Het boottochtje op zich zelf was al heel aangenaam en de uitleg van Jenny verduidelijkte heel veel. Ook de laatste fase, bezoek aan de winkel, verliep heel vlot en niet al te pijnlijk: het bleef voor Berna bij een paar oorbellen met elk een mooie Keshi parel. Berna deed ze gelijk in en draagt ze sindsdien elke dag. Nora had besloten om aan de verleiding te weerstaan, ze had trouwens pas een nieuwe camera gekocht wat eigenlijk niet was voorzien.
Jenny bracht ons ook weer in vliegende vaart terug naar de camping waar we na het middageten wat gingen rusten, mailen en boodschappen doen.
Ten slotte maakten we bij zonsondergang nog een korte maar mooie strandwandeling op het strand van Broome.


Donderdag 16 november.

Om 7u15 vertrokken we al richting Port Hedland met de bedoeling om halverwege een overnachtingsplaats te zoeken bij Eighty Mile Beach 280 km van Broome. De weg was weer zeer eentonig en dus met weinig afleiding. Onderweg was er maar één roadhouse waar we stopten voor een rustpauze en koffie voor de chauffeur. De zijweg naar de camping (10 km) bleek niet verhard en werd omschreven als corrugated. Na 100 m wisten we wat dat betekende want ondanks de voorzichtige chauffeur hotste en botste alles in de kampeerwagen dat het een lieve lust was. Berna was deze dag de passagier en vloog af en toe bijna tegen het plafond (gelukkig gordel aan). Haar grootste vrees gold echter de airco waarvan het voorpaneel een vreemde uitstulping begon te vertonen die precies groter werd naarmate de auto meer daverde.
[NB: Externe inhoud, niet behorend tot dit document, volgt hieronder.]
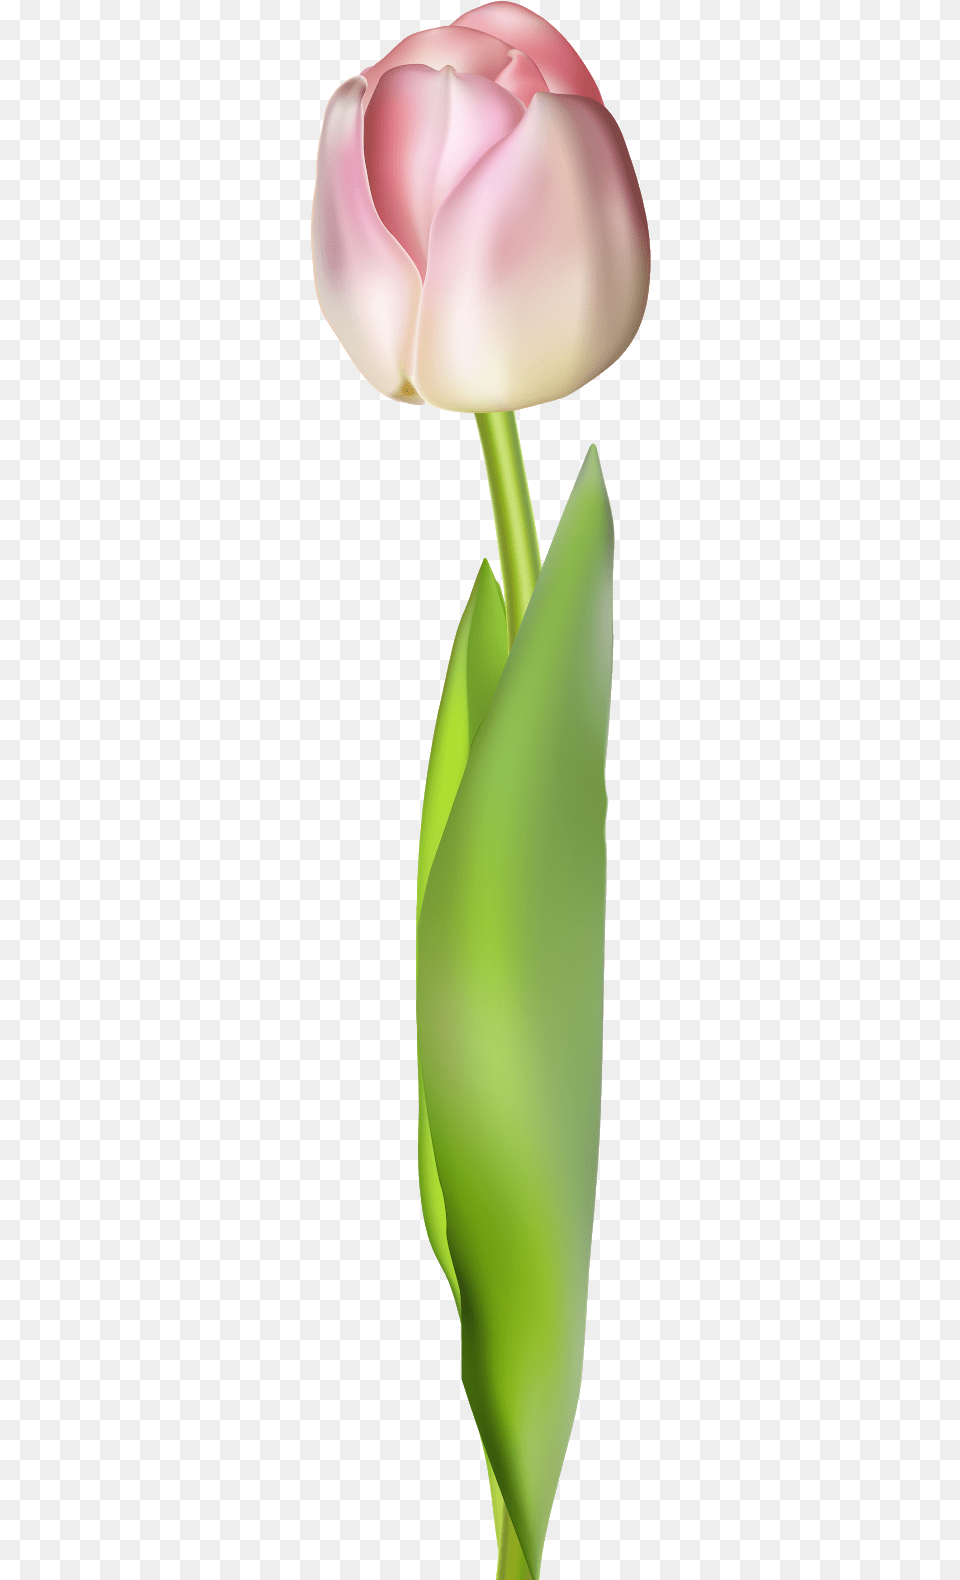 Aloe, Flower, Plant, Tulip, Petal Png Image

Op de kampeerplaats aangekomen (zeer eenvoudig maar ook zeer goedkoop) vonden we snel een goed plaatsje. In de kampeerwagen bleek alles nog normaal te werken. De camping gaf via een achterpoortje uit op het prachtige en bijna verlaten strand dat zoals de naam aangaf oneindig leek.
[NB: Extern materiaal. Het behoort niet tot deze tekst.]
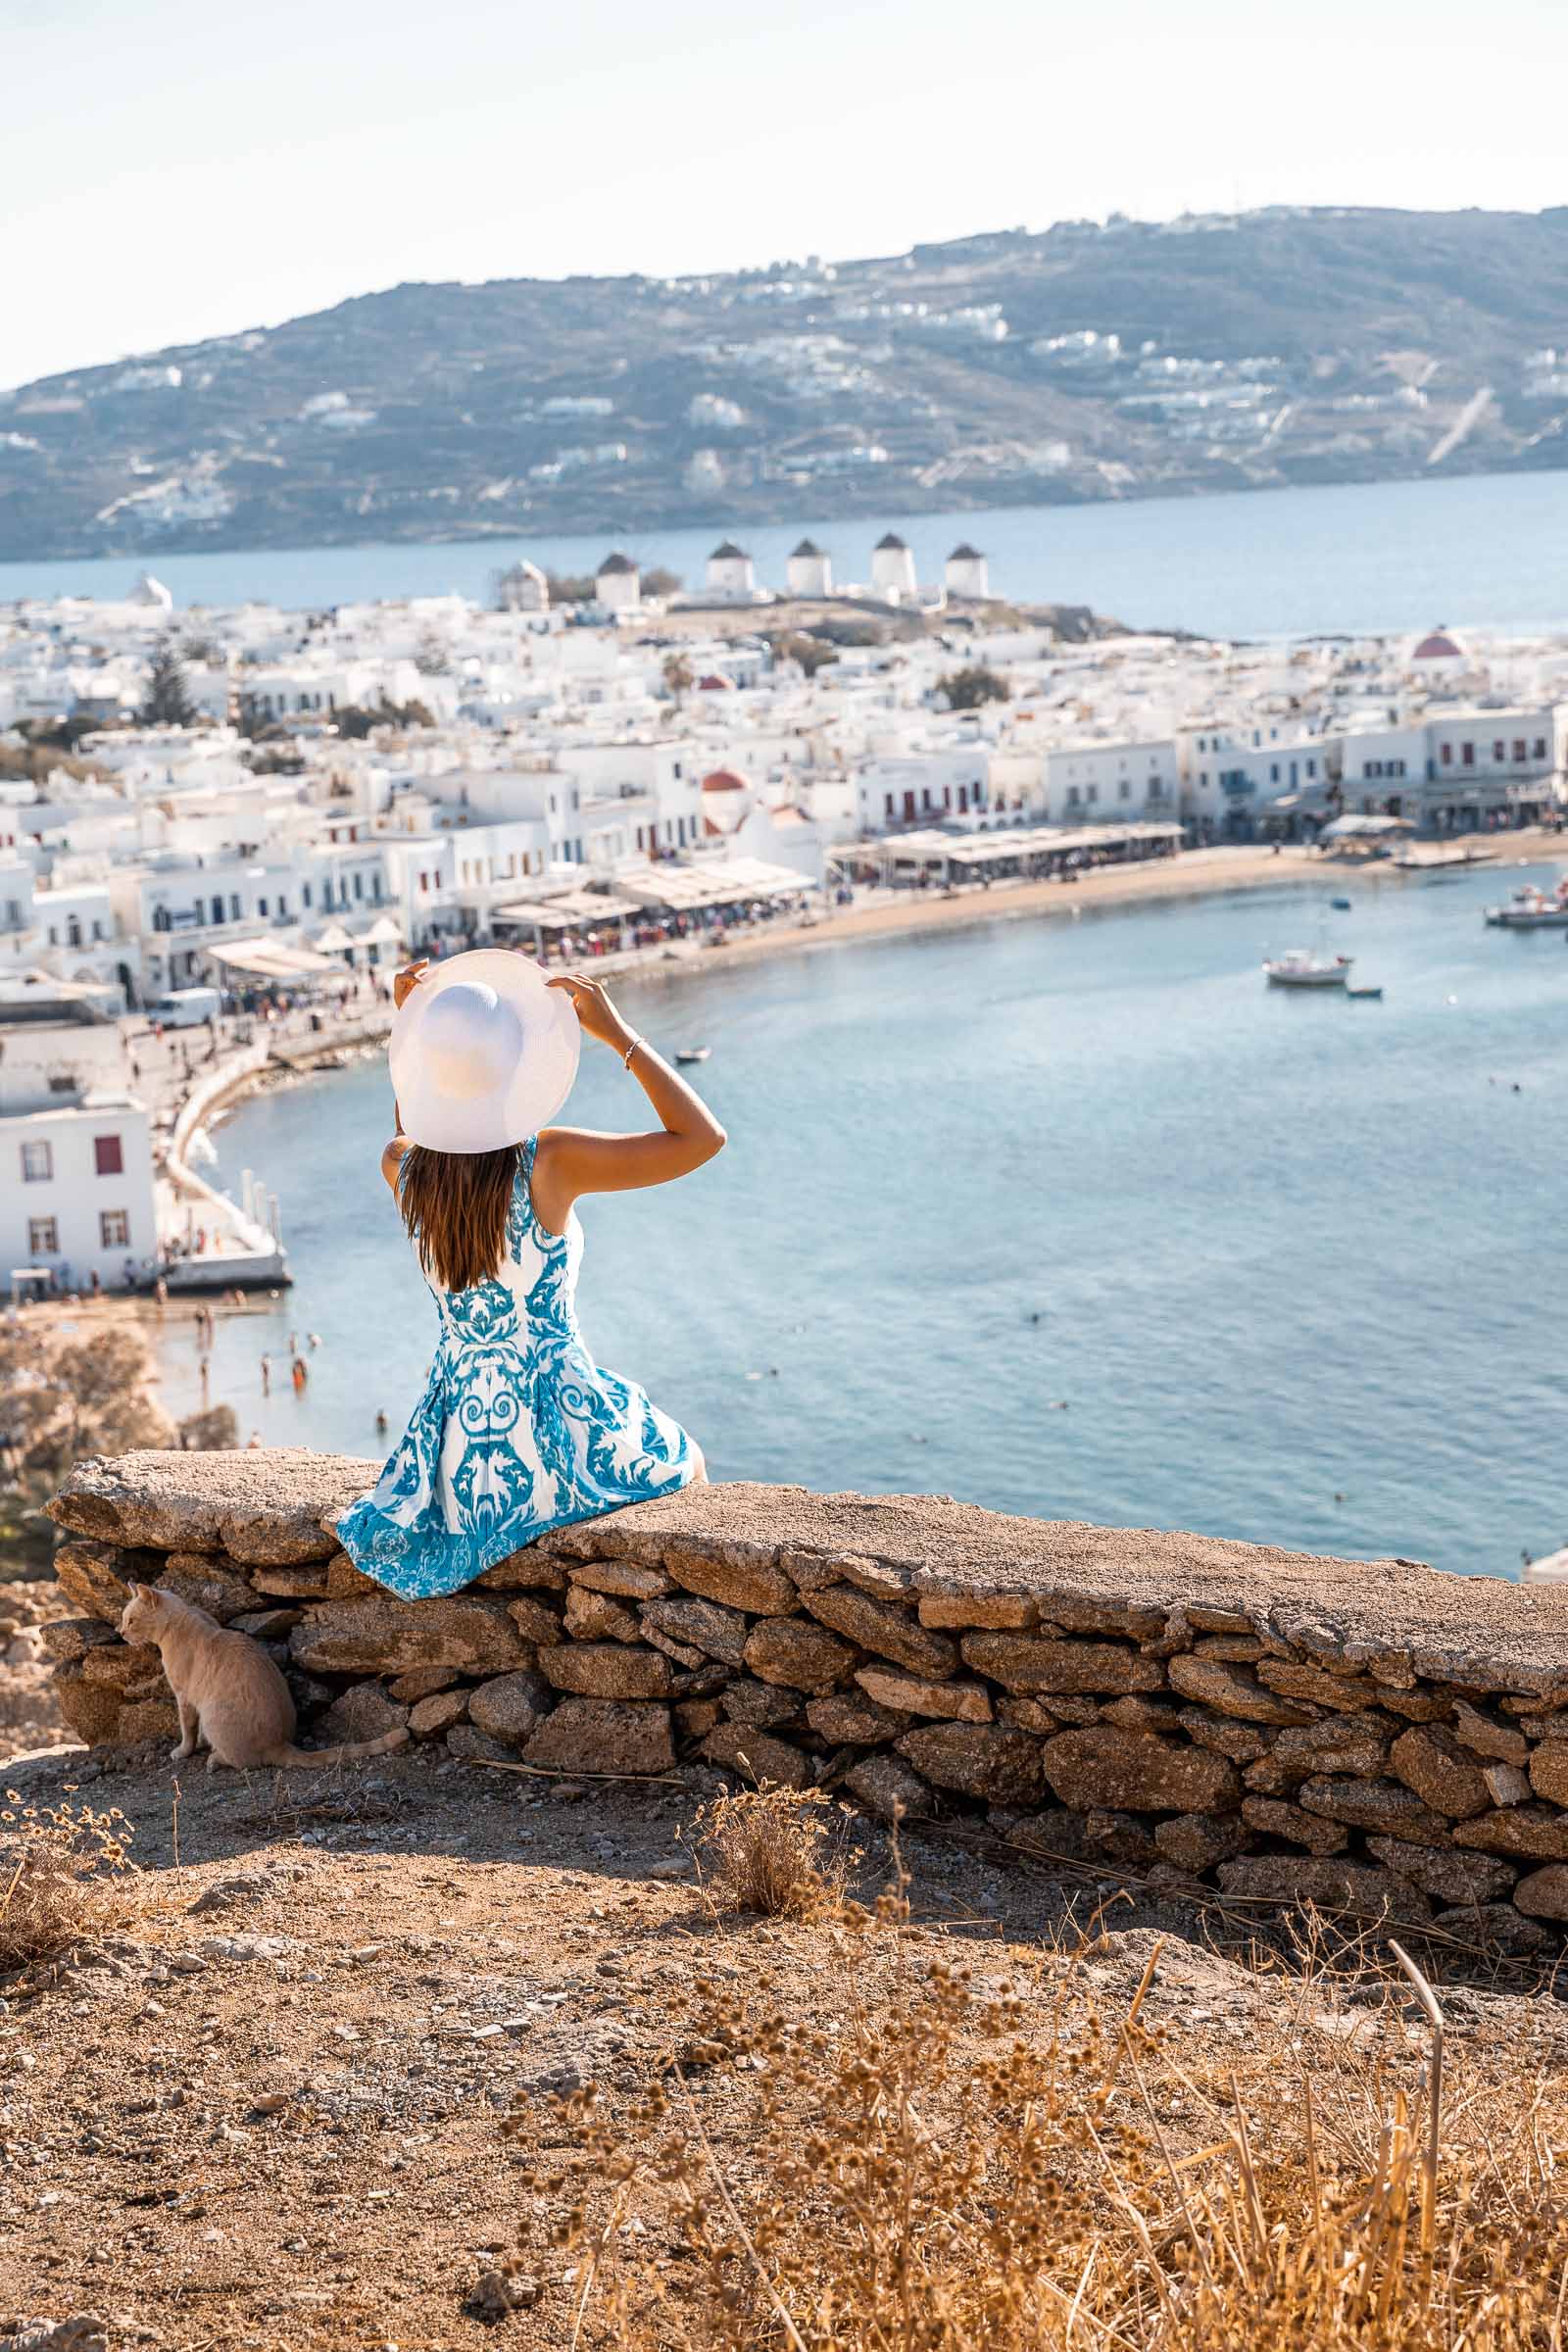 View of Mykonos Town in Greece

Die namiddag maakten we dan ook een mooie strandwandeling. Al snel viel ons de vele sporen op die van de zee naar het begin van de duinen leidde en terug. Nora dacht eerst aan Quad's, vierwielige brommers die overal kunnen opduiken. Door het grote aantal en de richting leek echter zeeschildpadden de enige verklaring. Berna zag trouwens even de kop van een schilpad uit het water duiken maar bij die ene waarneming bleef het. Toen we later gingen informeren bleek dat dit strand inderdaad een van de stranden op de westkust was waar zeeschildpadden hun eieren komen leggen. 's Nachts zouden ze bij honderden het strand op komen om een goed plaatsje te zoeken voor hun eieren. Die avond zou er een begeleide wandeling zijn: om 8u zou men aan het achterpoortje vertrekken onder leiding van enkele Turtle-monitors van Port Hedland die speciaal naar hier waren gekomen om de situatie hier te bestuderen.
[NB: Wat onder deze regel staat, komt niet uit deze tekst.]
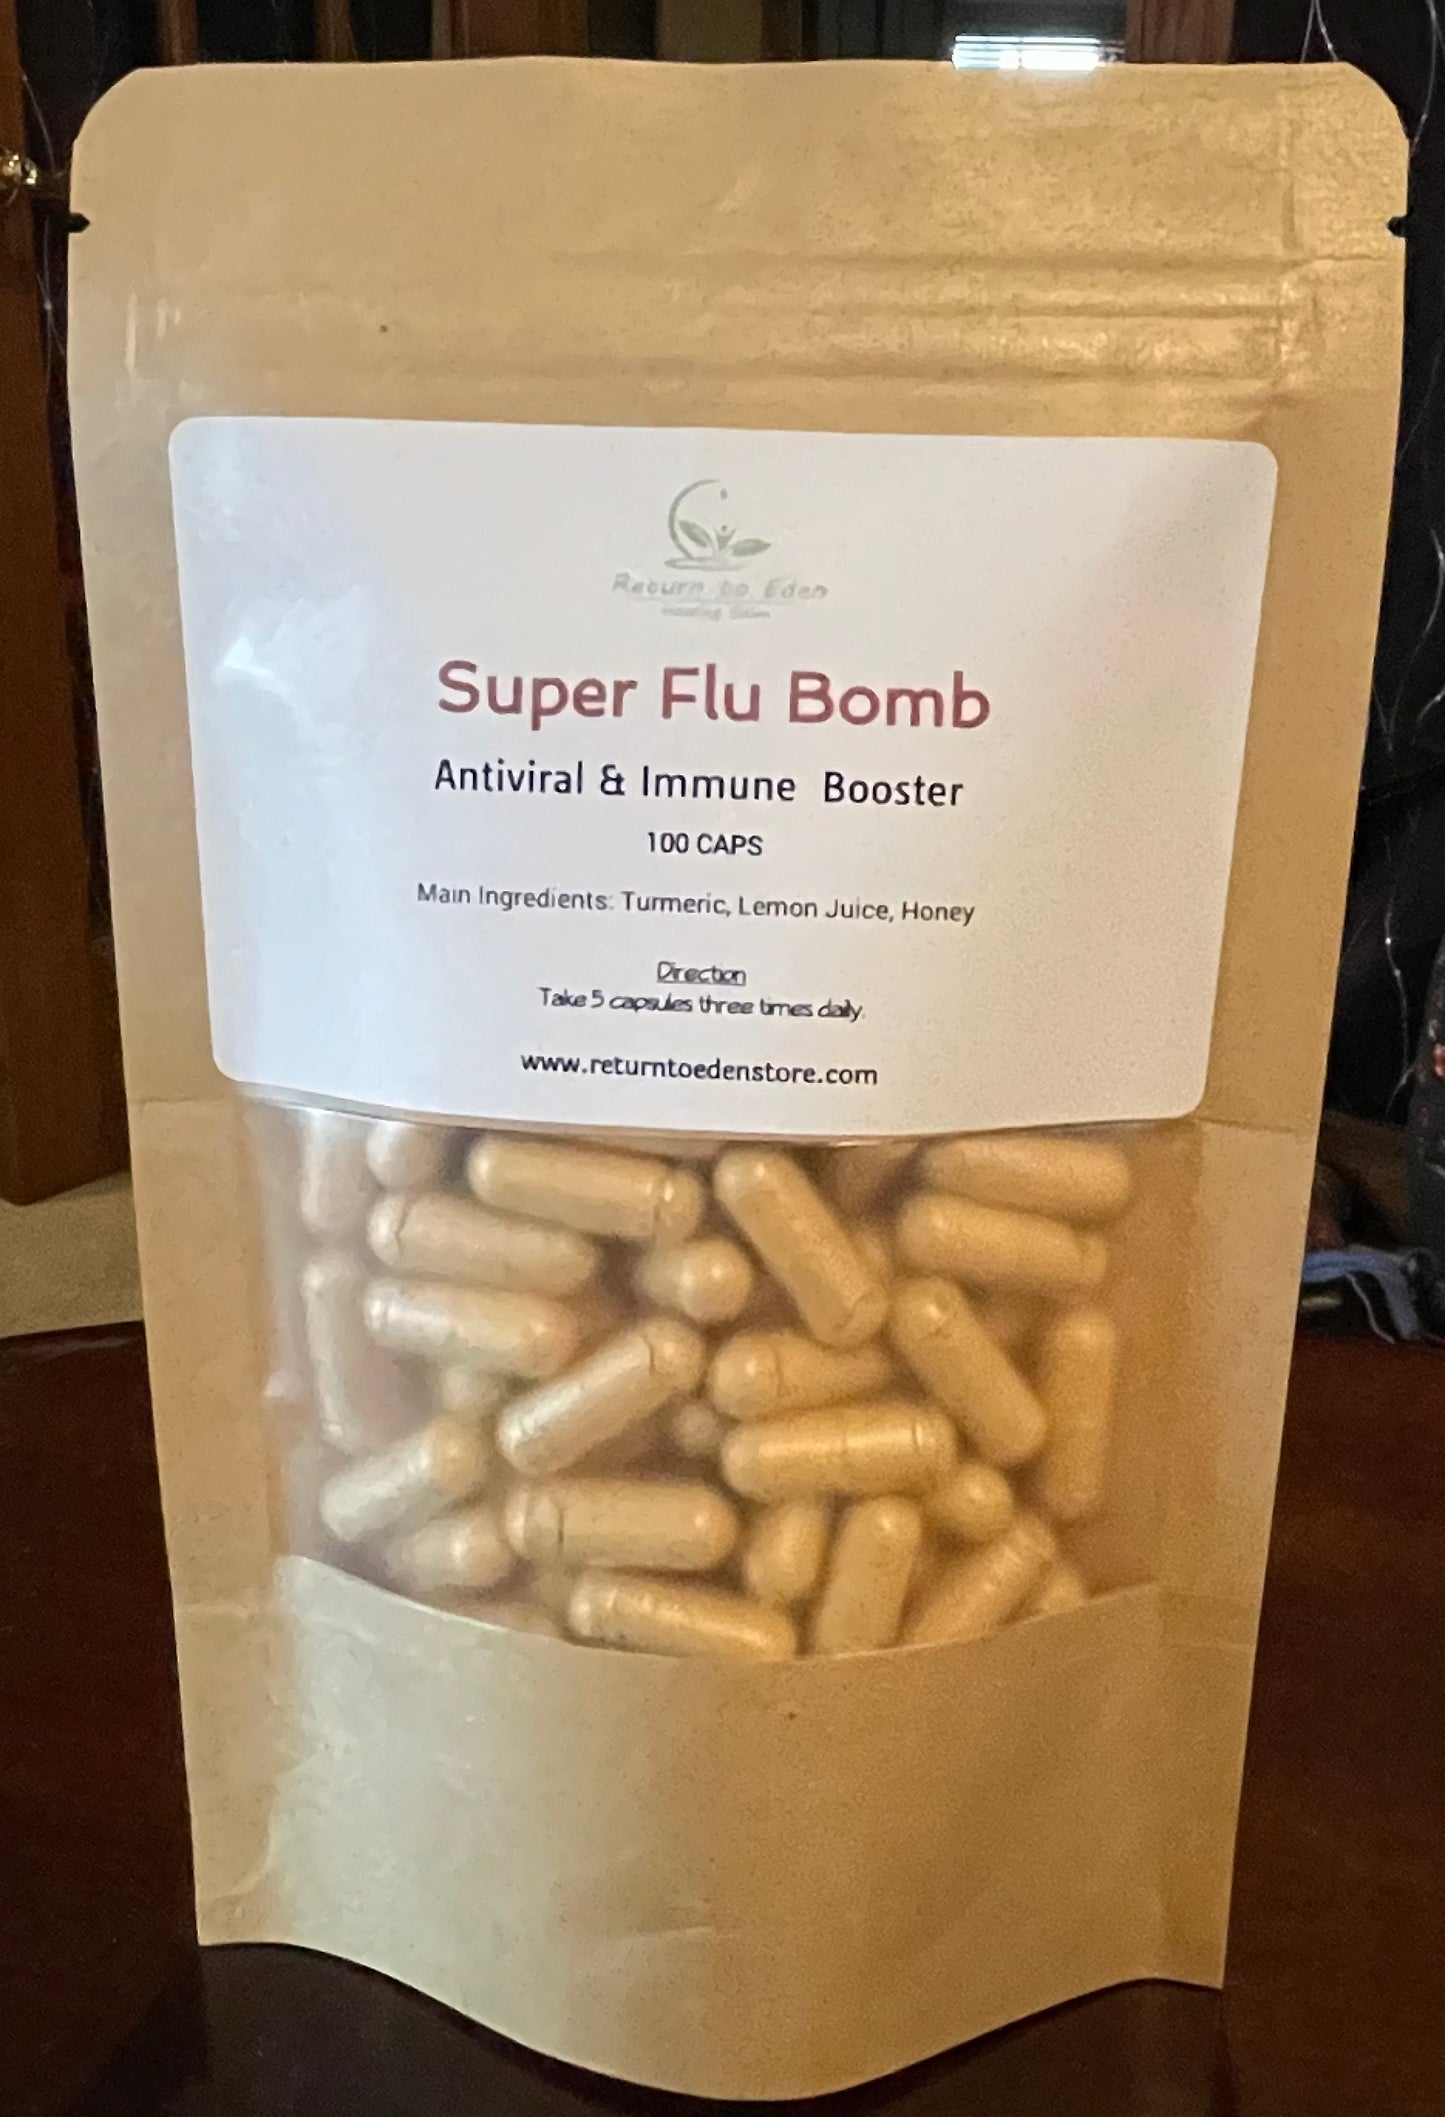 Super Flu Bomb

Om 8 uur kwamen we met een achttal toeristen en twee begeleiders samen en kregen we in het donker wat uitleg. De procedure van het eieren leggen door een zeeschildpad beslaat 5 fasen: landen, tocht naar de duinen, goede plek zoeken en nest graven, eieren leggen, terugtocht naar zee. Tijdens alle fasen bleek er gevaar voor verstoring zodat men minstens 3 à 5 m afstand van een schildpad moest houden en achter de schildpad moest blijven. Enkel tijdens het leggen van de eieren kwam de schilpad in een soort trance en was ze zich van de omgeving niet bewust: men kon de schildpad dan zonder probleem naderen en zelfs aanraken zonder dat ze het merkte. Het gebruik van zaklampen werd ten stelligst afgeraden: licht op het strand zou de schildpad onherroepelijk terug het water jagen tijdens de eerste drie fasen. We moesten dus dicht bij elkaar blijven, geen licht of lawaai maken en als we een schilpad tegenkwamen stil blijven staan: door haar slechte zicht zouden we in haar ogen een rots zijn waar ze gewoon langs kon.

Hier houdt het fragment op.